Work order
Using the listing below, output only the lines from the one that contains "Grandma OtaCir no" through the one that contains "Team Losi - TLR", inclusive, exactly as given and without images.

Material shown
■ ■ ■ ■
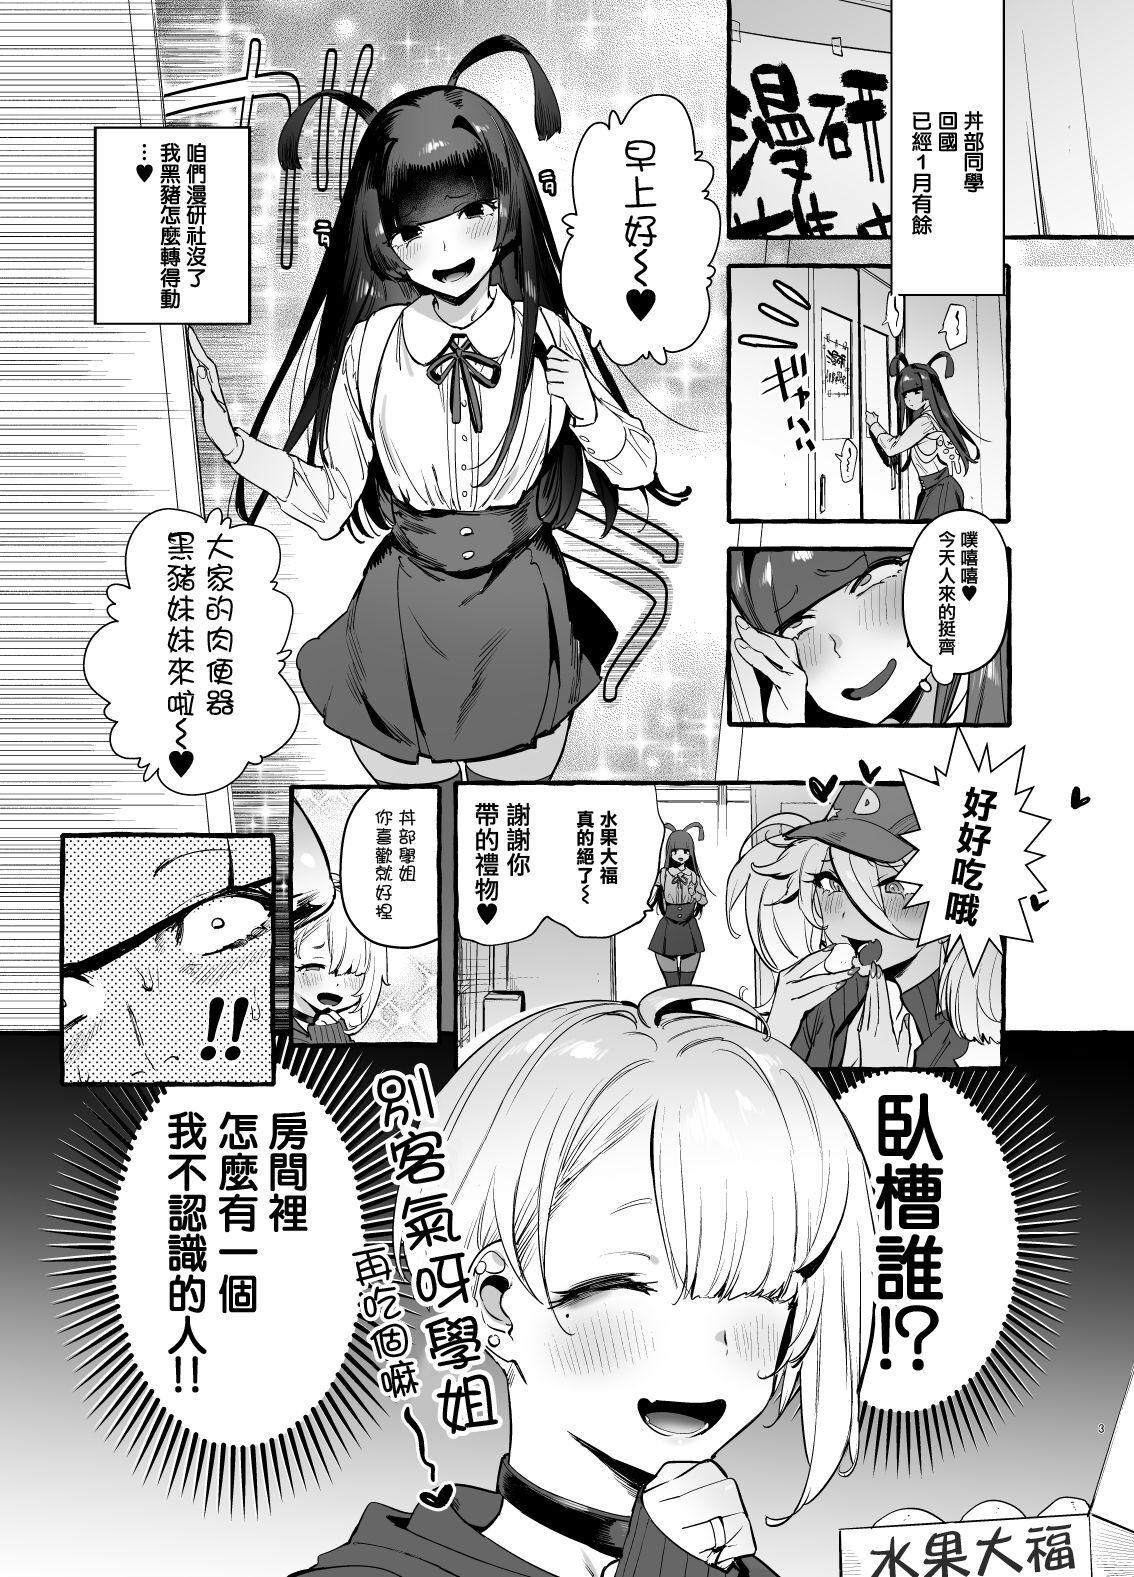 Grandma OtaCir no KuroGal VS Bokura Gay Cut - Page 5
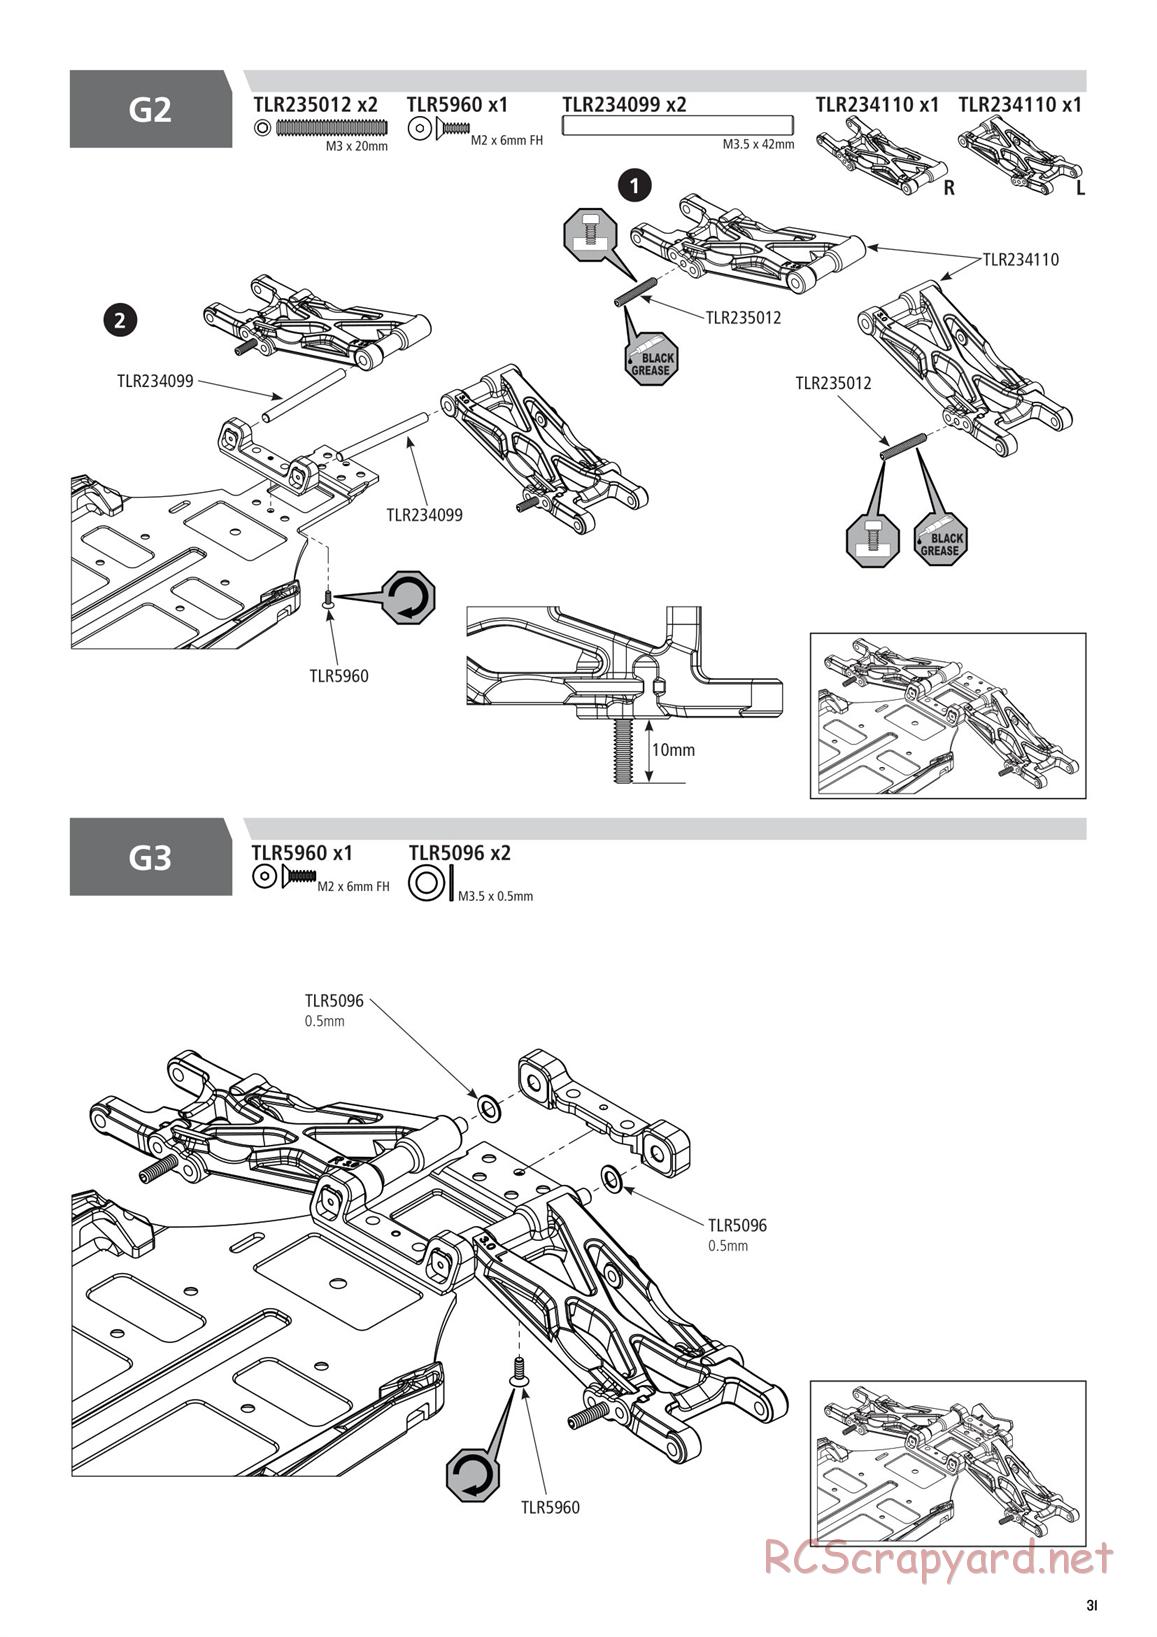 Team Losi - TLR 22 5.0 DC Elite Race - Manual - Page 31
■ ■ ■ ■
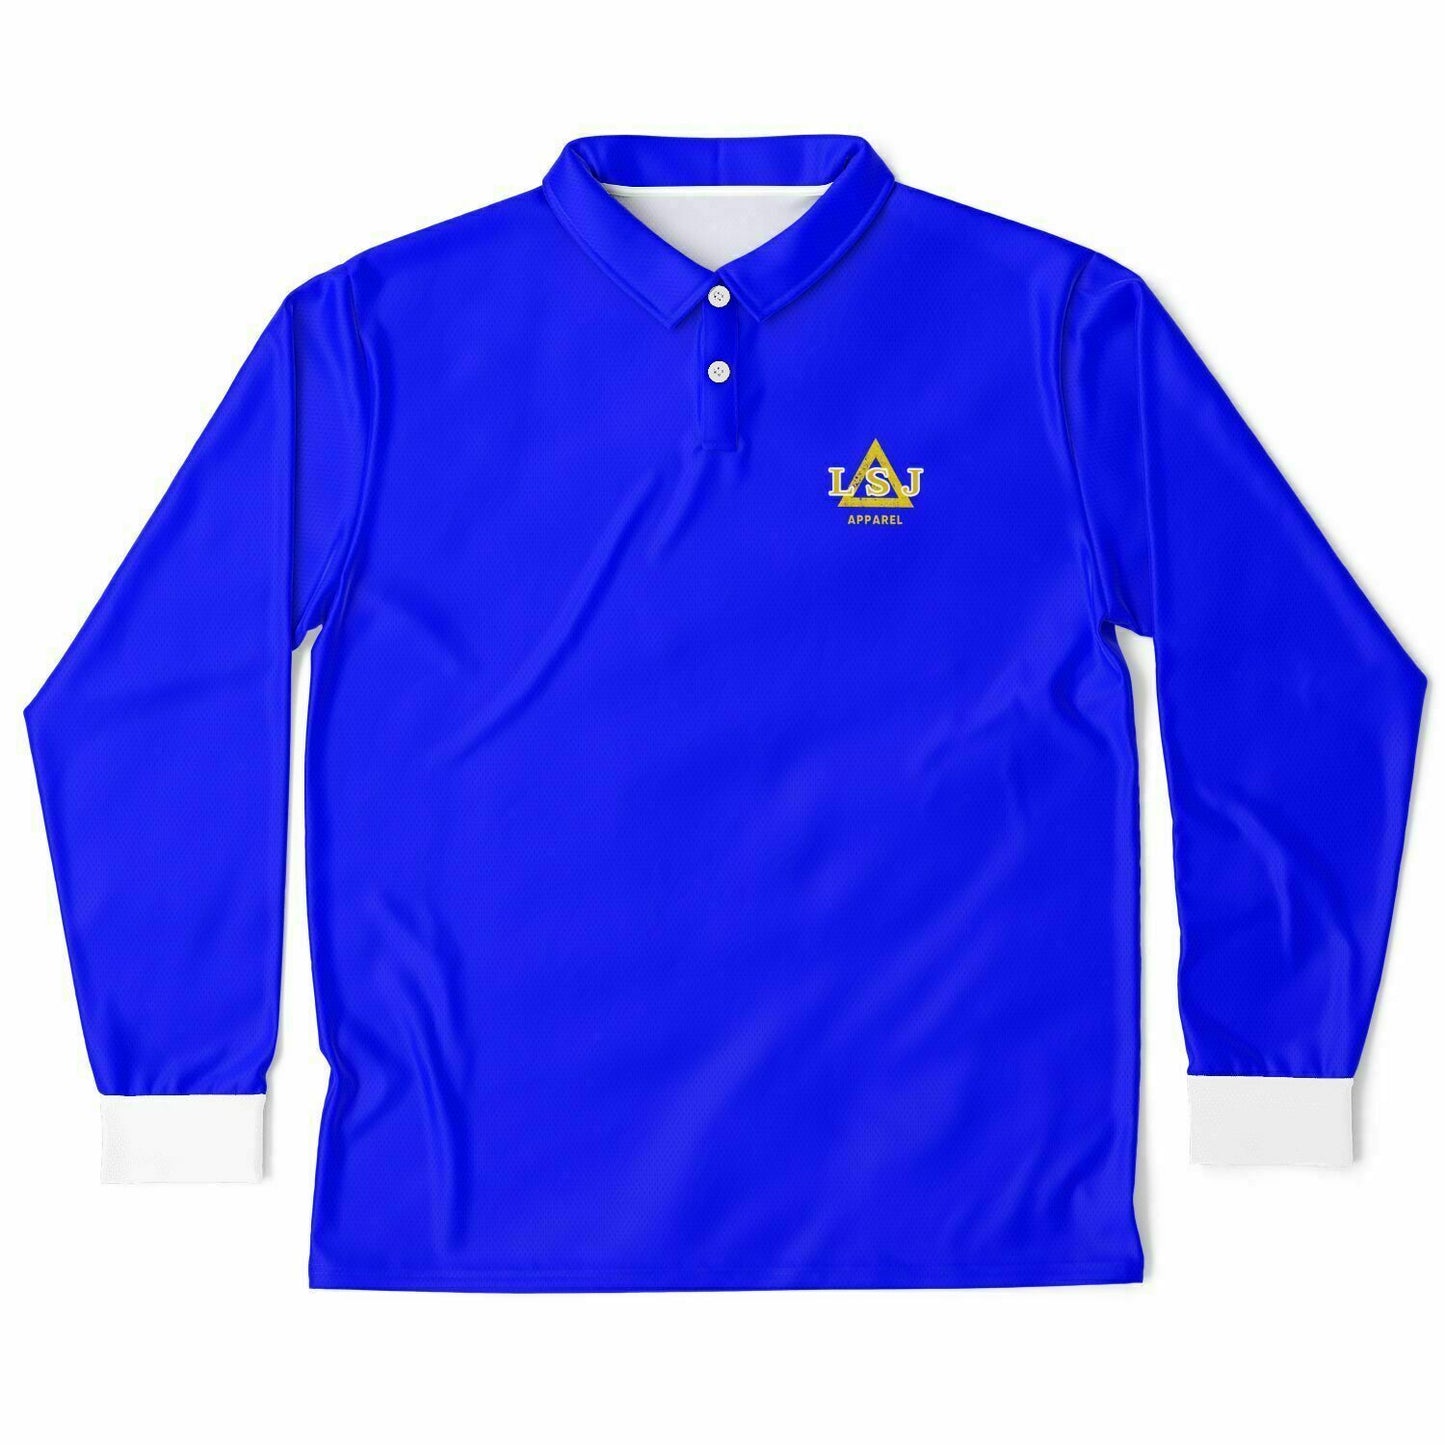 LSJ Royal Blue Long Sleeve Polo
■ ■ ■ ■
Output below
 Grandma OtaCir no KuroGal VS Bokura Gay Cut - Page 5
 Team Losi - TLR 22 5.0 DC Elite Race - Manual - Page 31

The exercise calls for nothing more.